40
votes

TL;DR: In a Spark Standalone cluster, what are the differences between client and cluster deploy modes? How do I set which mode my application is going to run on?


We have a Spark Standalone cluster with three machines, all of them with Spark 1.6.1:

  • A master machine, which also is where our application is run using spark-submit
  • 2 identical worker machines

From the Spark Documentation, I read:

(...) For standalone clusters, Spark currently supports two deploy modes. In client mode, the driver is launched in the same process as the client that submits the application. In cluster mode, however, the driver is launched from one of the Worker processes inside the cluster, and the client process exits as soon as it fulfills its responsibility of submitting the application without waiting for the application to finish.

However, I don't really understand the practical differences by reading this, and I don't get what are the advantages and disadvantages of the different deploy modes.

Additionally, when I start my application using start-submit, even if I set the property spark.submit.deployMode to "cluster", the Spark UI for my context shows the following entry:

Context UI

So I am not able to test both modes to see the practical differences.
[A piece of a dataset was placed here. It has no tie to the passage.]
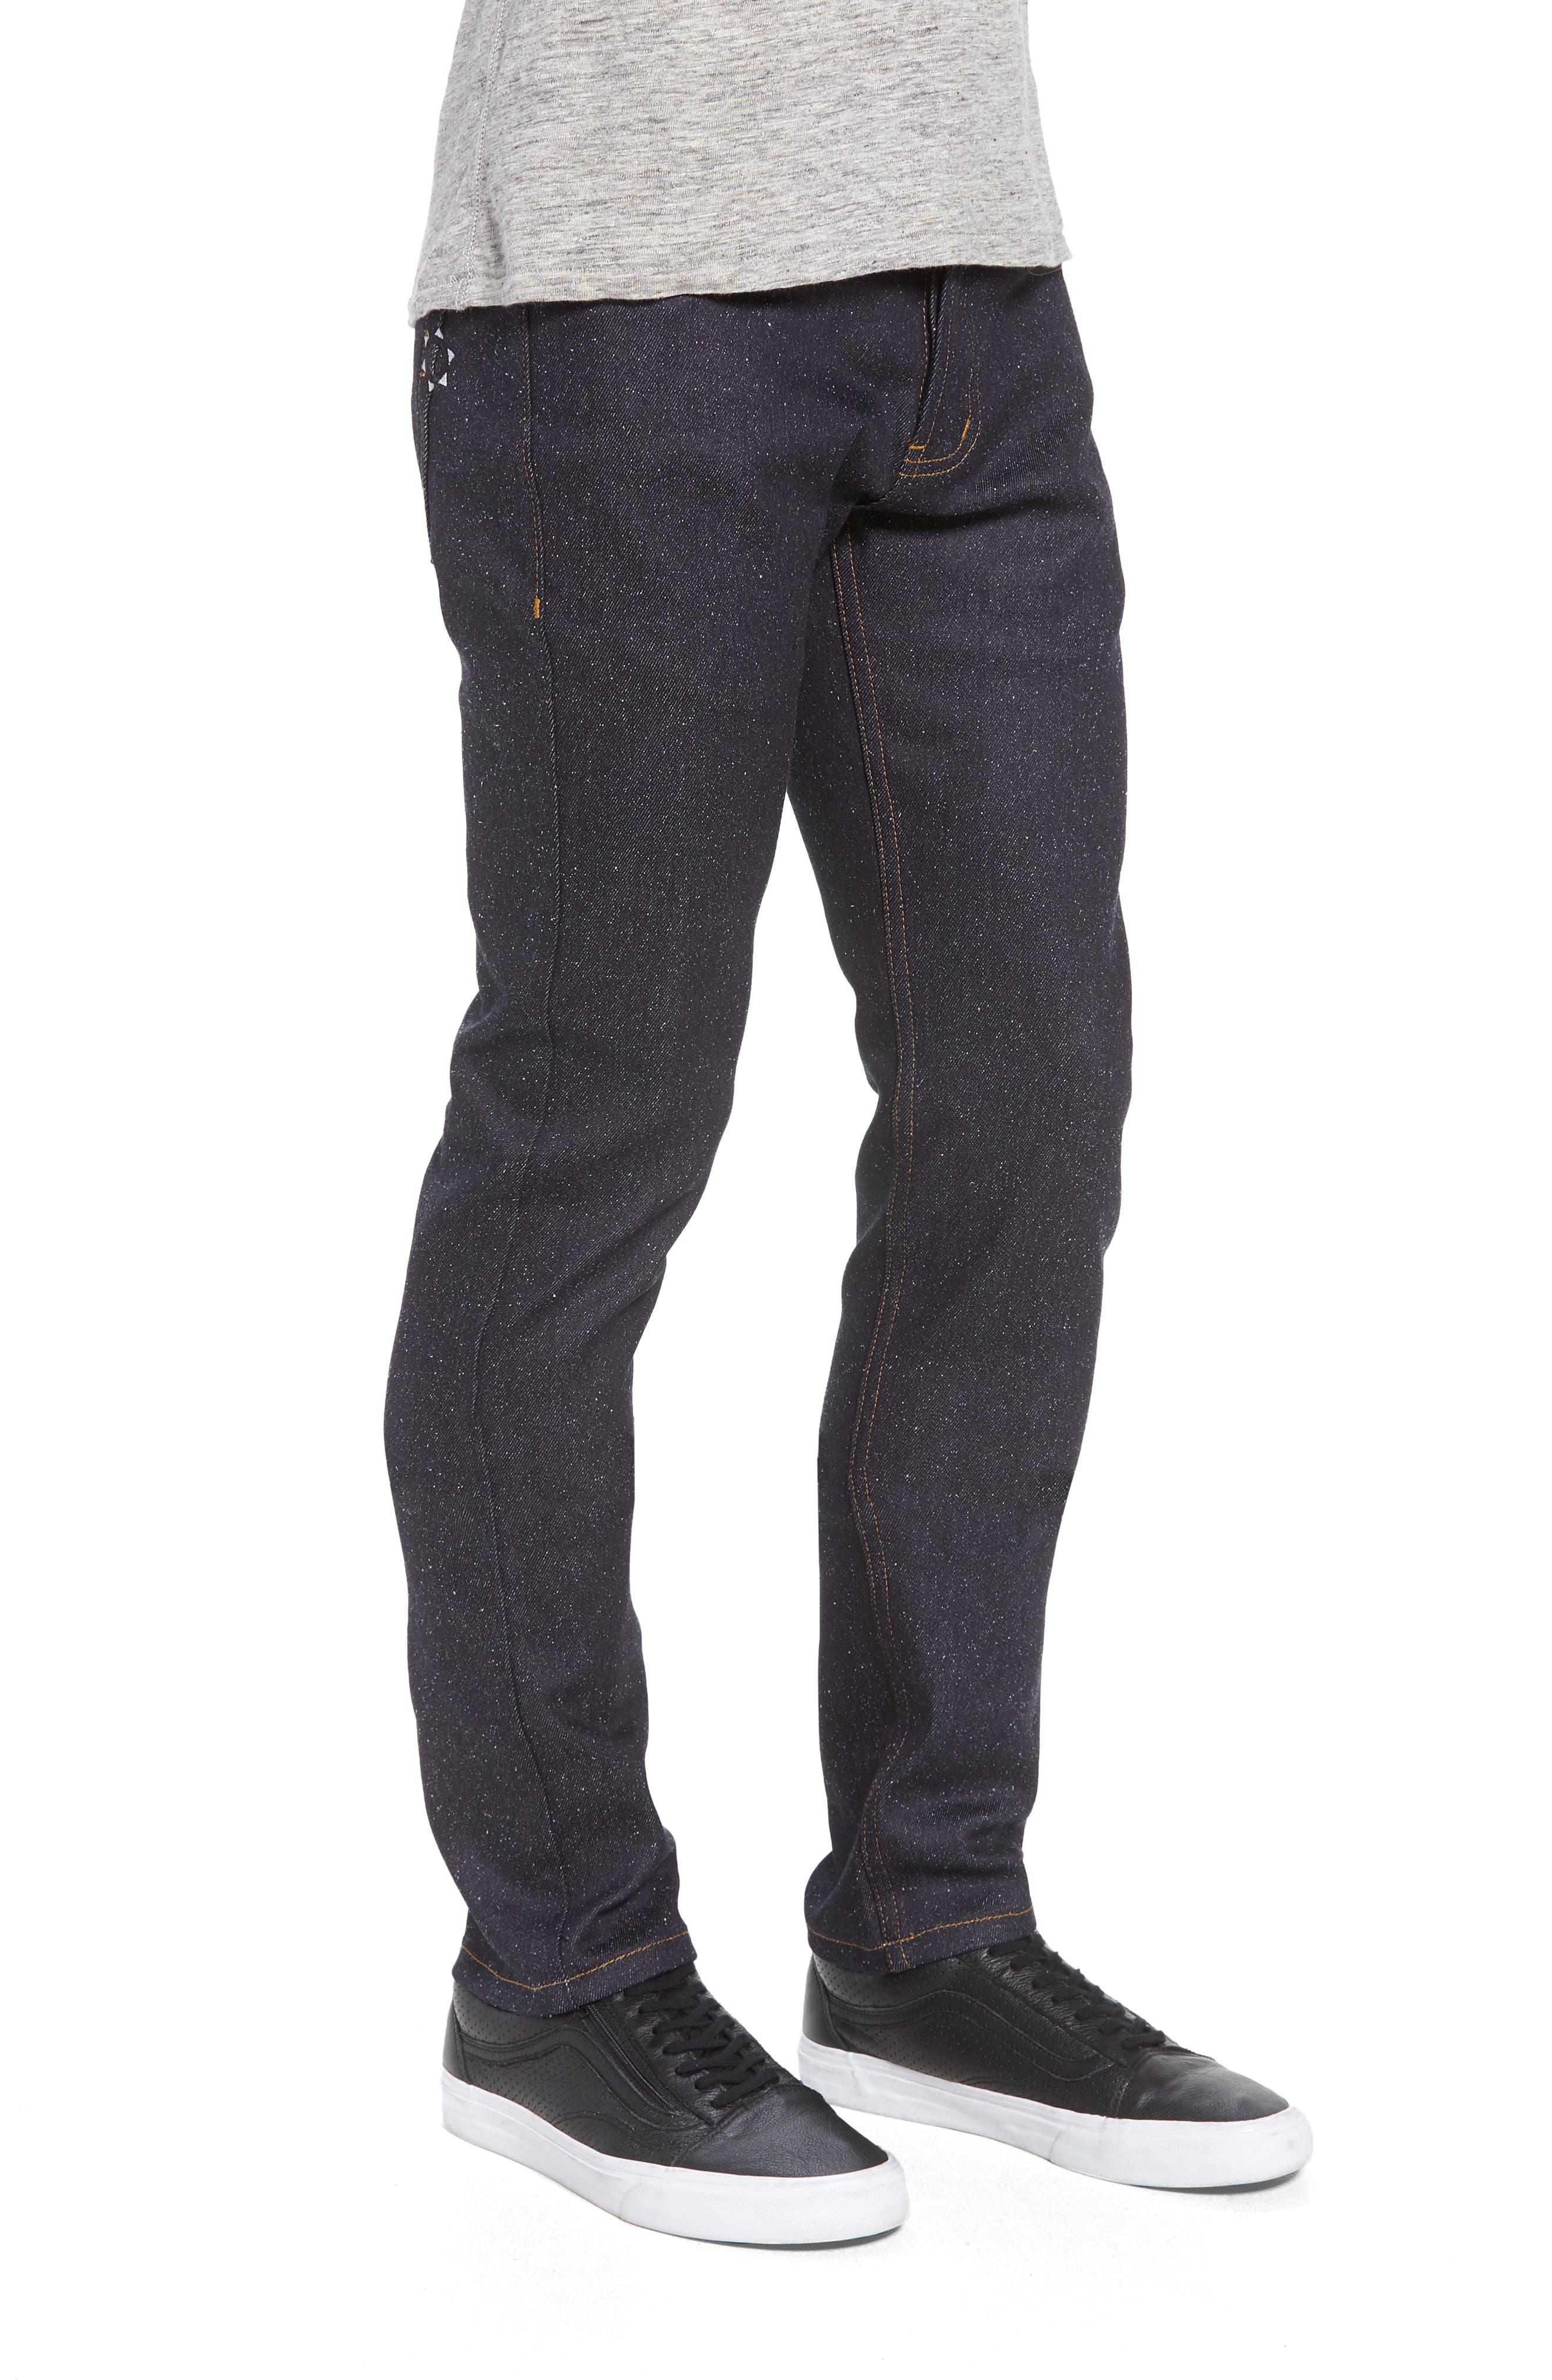 Super Skinny Guy Skinny Fit Jeans,                             Alternate thumbnail 3, color,                             401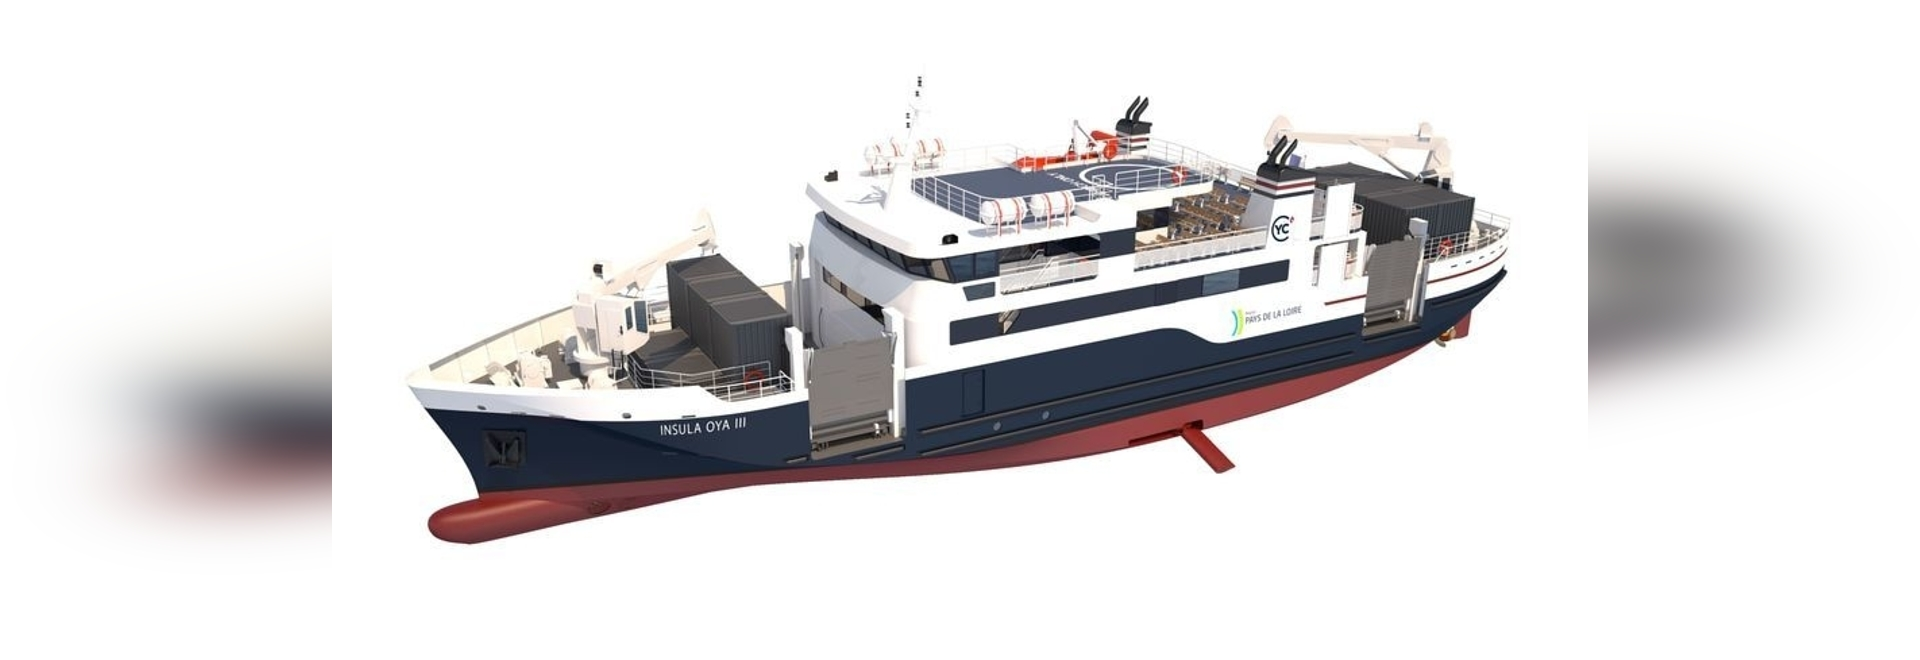 Vessel offers 40% increase in cargo capacity compared with predecessor

That being said, my questions are:

1) What are the practical differences between Spark Standalone client deploy mode and cluster deploy mode? What are the pro's and con's of using each one?

2) How to I choose which one my application is going to be running on, using spark-submit?

3

3 Answers

67
votes

What are the practical differences between Spark Standalone client deploy mode and cluster deploy mode? What are the pro's and con's of using each one?

Let's try to look at the differences between client and cluster mode.

Client:

  • Driver runs on a dedicated server (Master node) inside a dedicated process. This means it has all available resources at it's disposal to execute work.
  • Driver opens up a dedicated Netty HTTP server and distributes the JAR files specified to all Worker nodes (big advantage).
  • Because the Master node has dedicated resources of it's own, you don't need to "spend" worker resources for the Driver program.
  • If the driver process dies, you need an external monitoring system to reset it's execution.

Cluster:

  • Driver runs on one of the cluster's Worker nodes. The worker is chosen by the Master leader
  • Driver runs as a dedicated, standalone process inside the Worker.
  • Driver programs takes up at least 1 core and a dedicated amount of memory from one of the workers (this can be configured).
  • Driver program can be monitored from the Master node using the --supervise flag and be reset in case it dies.
  • When working in Cluster mode, all JARs related to the execution of your application need to be publicly available to all the workers. This means you can either manually place them in a shared place or in a folder for each of the workers.

Which one is better? Not sure, that's actually for you to experiment and decide. This is no better decision here, you gain things from the former and latter, it's up to you to see which one works better for your use-case.

How to I choose which one my application is going to be running on, using spark-submit

The way to choose which mode to run in is by using the --deploy-mode flag. From the Spark Configuration page:

/bin/spark-submit \
  --class <main-class>
  --master <master-url> \
  --deploy-mode <deploy-mode> \
  --conf <key>=<value> \
  ... # other options
  <application-jar> \
  [application-arguments]
6
votes

Let's say you are going to perform a spark submit in EMR by doing SSH to the master node. If you are providing the option --deploy-mode cluster, then following things will happen.

  1. You won't be able to see the detailed logs in the terminal.
  2. Since driver is not created in the Master itself, you won't be able to terminate the job from the terminal.

But in case of --deploy-mode client:

  1. You will be able to see the detailed logs in the terminal.
  2. You will be able to terminate the job from the terminal itself.

These are the basic things that I have noticed till now.

0
votes

I'm also having the same scenario, here master node use a standalone ec2 cluster. In this setup client mode is appropriate. In this driver is launched directly with in the spark-submit process which acts as a client to the cluster. The Input & output of the application is attached to the console.Thus, this mode is especially suitable for applications that involve REPL.

Else if your application is submitted from a machine far from the worker machines then it is quite common to use cluster mode to minimize the network latency b/w driver & executor.